1. Why could you still play the game after there are no more eggs or chickens? We didn't set up the logic to detect that. Actually this is a valid criticism, but I don't think you need to ask why... rather as a critic you should have conviction in your opinion, or just state your observation. It feels kind of condescending to ask why... like you are implying I am a total idiot and you would like me to explain my backward logic.
2. Why weren't you punished for eating baby chicks? We rewarded it. I made that decision. You can blame me personally. Actually we debated several mechanisms [instant death, vegan-snake, pushes chicks/chickens aside]. I chose this route because it was the easiest to implement, given the other code that had been written.
3. Definitely going to change the control schema. I notice a ton of people complaining about the movement not happening smoothly... smooth movement it is!
Thanks for the feedback XD
Viewing post in Protect the Chickens jam comments
No worries. I was being a bit overdramatic myself.

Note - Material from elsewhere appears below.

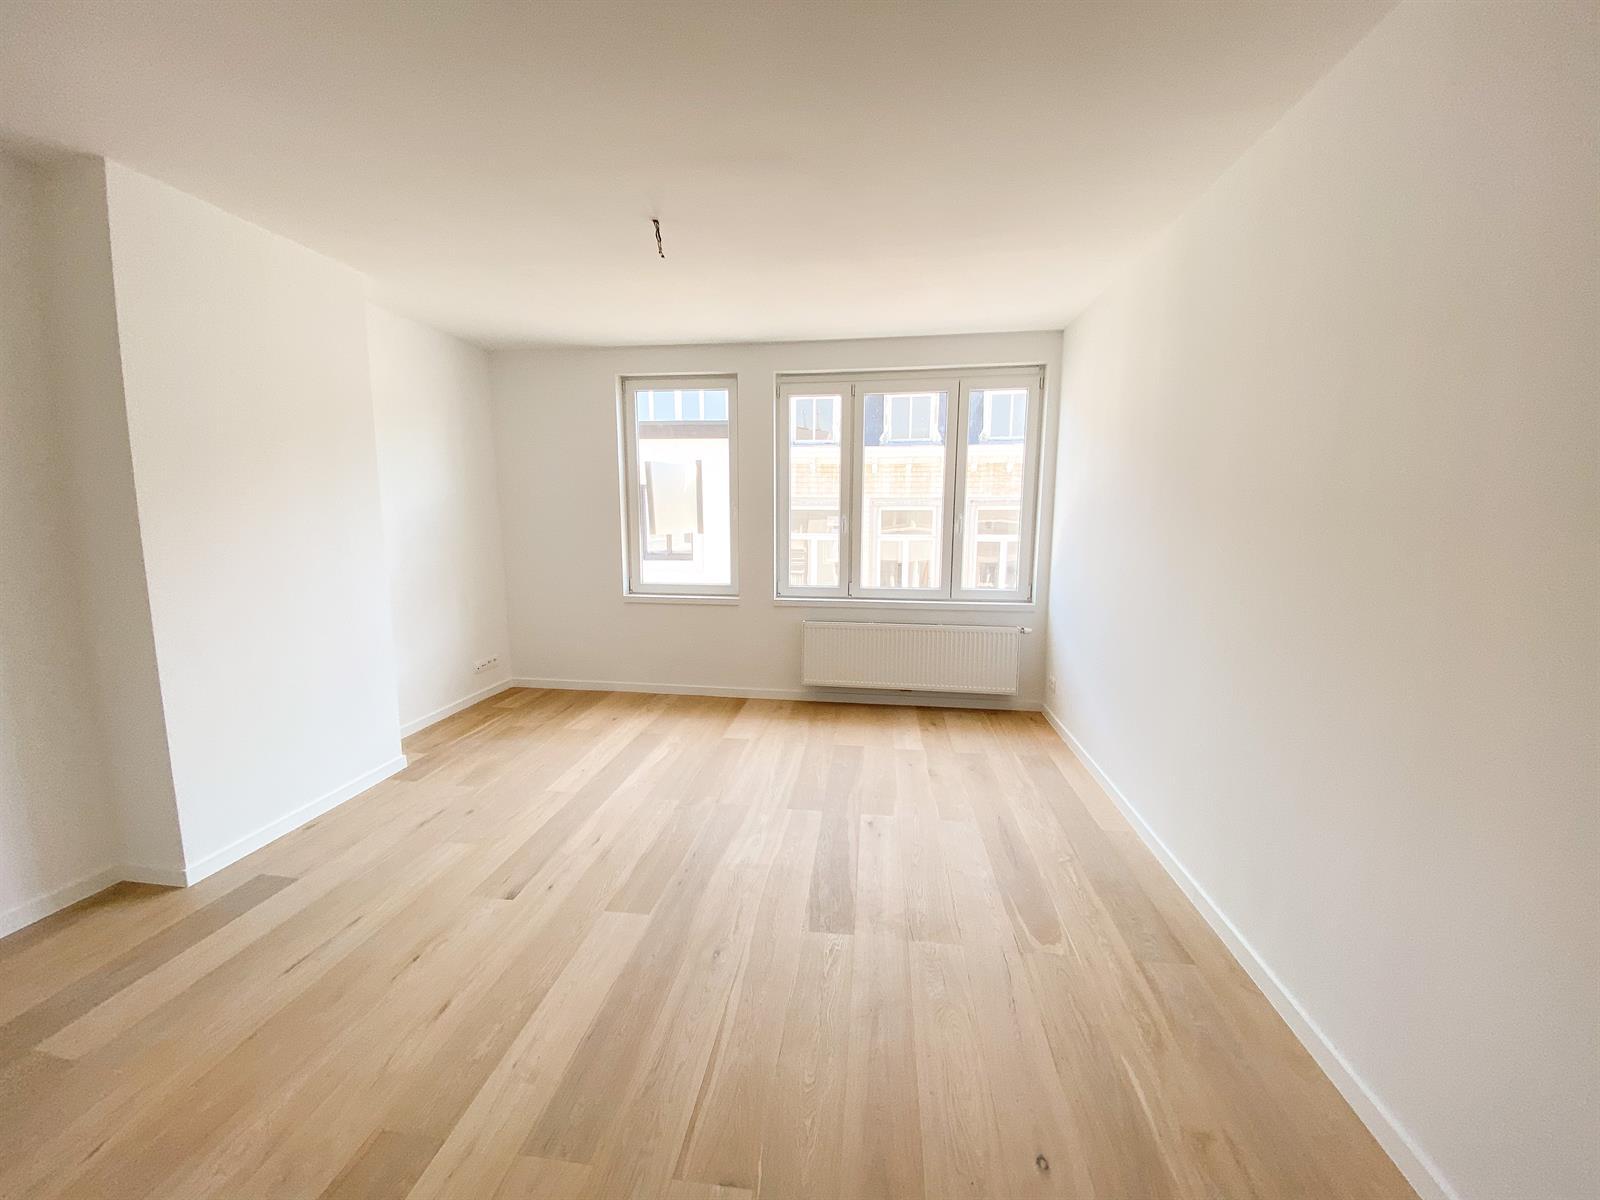 Appartement - Liège - #4045828-4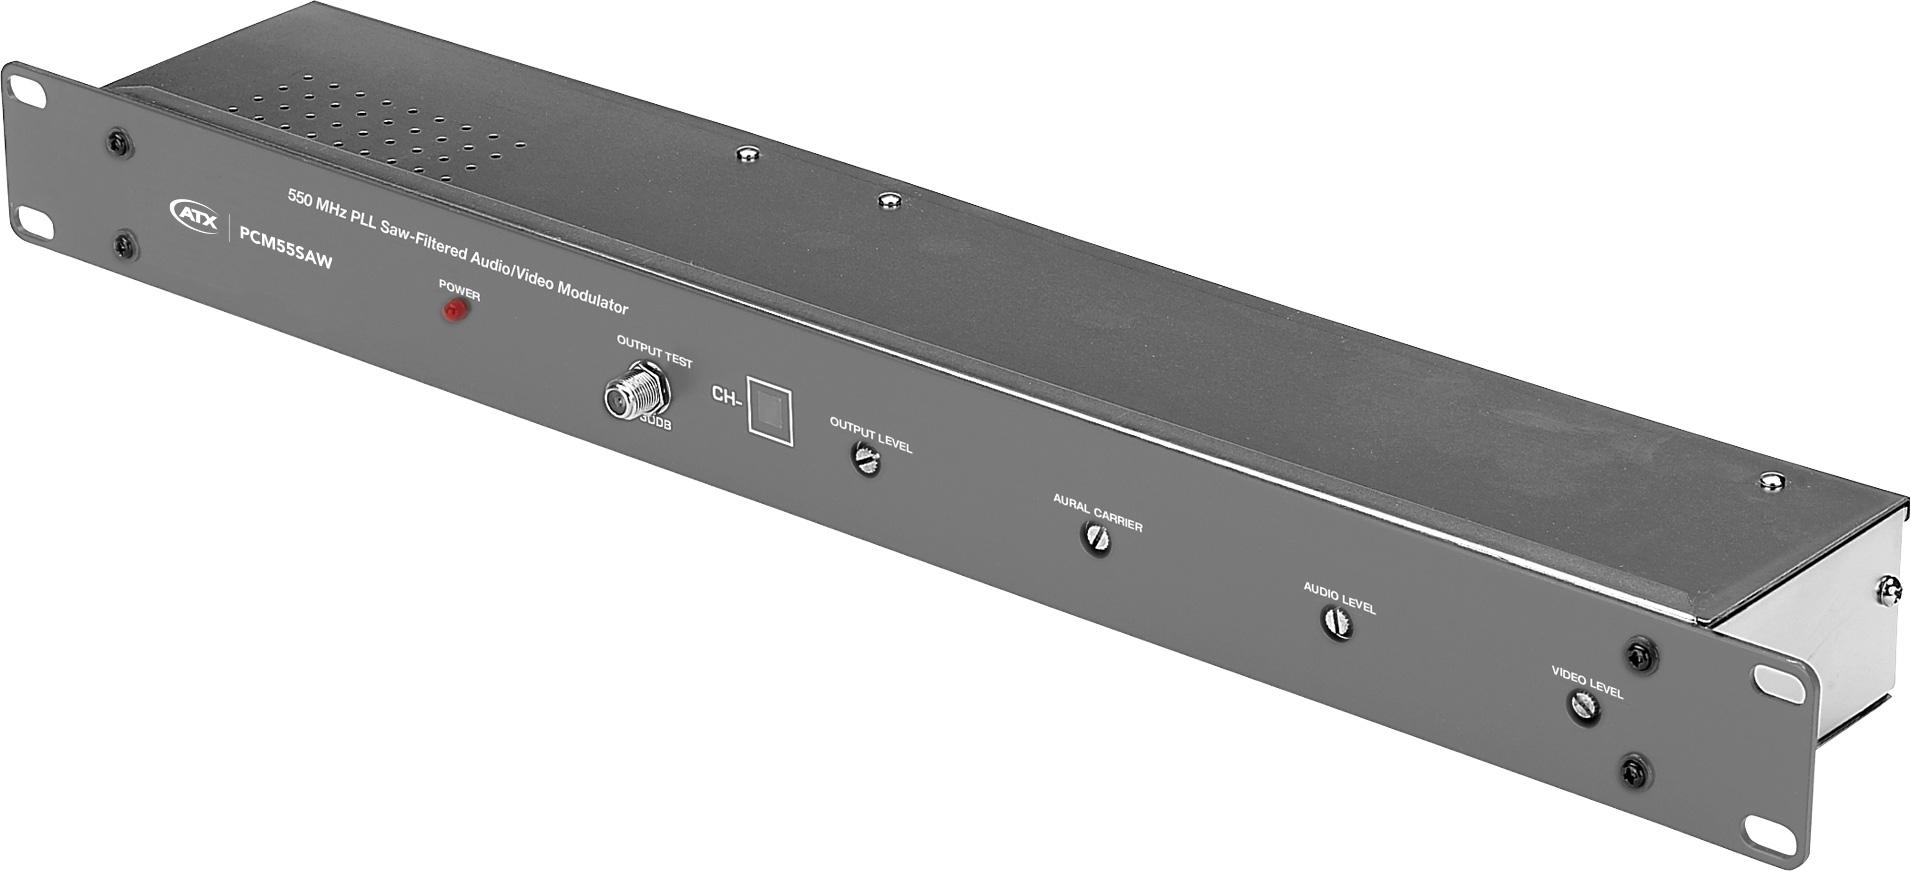 1 Channel Crystal A/V Modulator - Channel 4 PM-PCM55SAW-4

I'd like to revisit these elements, but I'm still struggling to sort out how the logic should be.
If I were to take your implied advice on the previous comment and make the player lose when they collide with a chick (or any moving object), I expect that this will lead to frustration for the player, since they can't reliably predict ahead of time if the chick is going to move into their path on the next game step.
I'm leaning toward, if the snake doesn't eat something, it should push the thing instead... but this leads to unanswered design questions: in particular, what happens if I push object A into object B?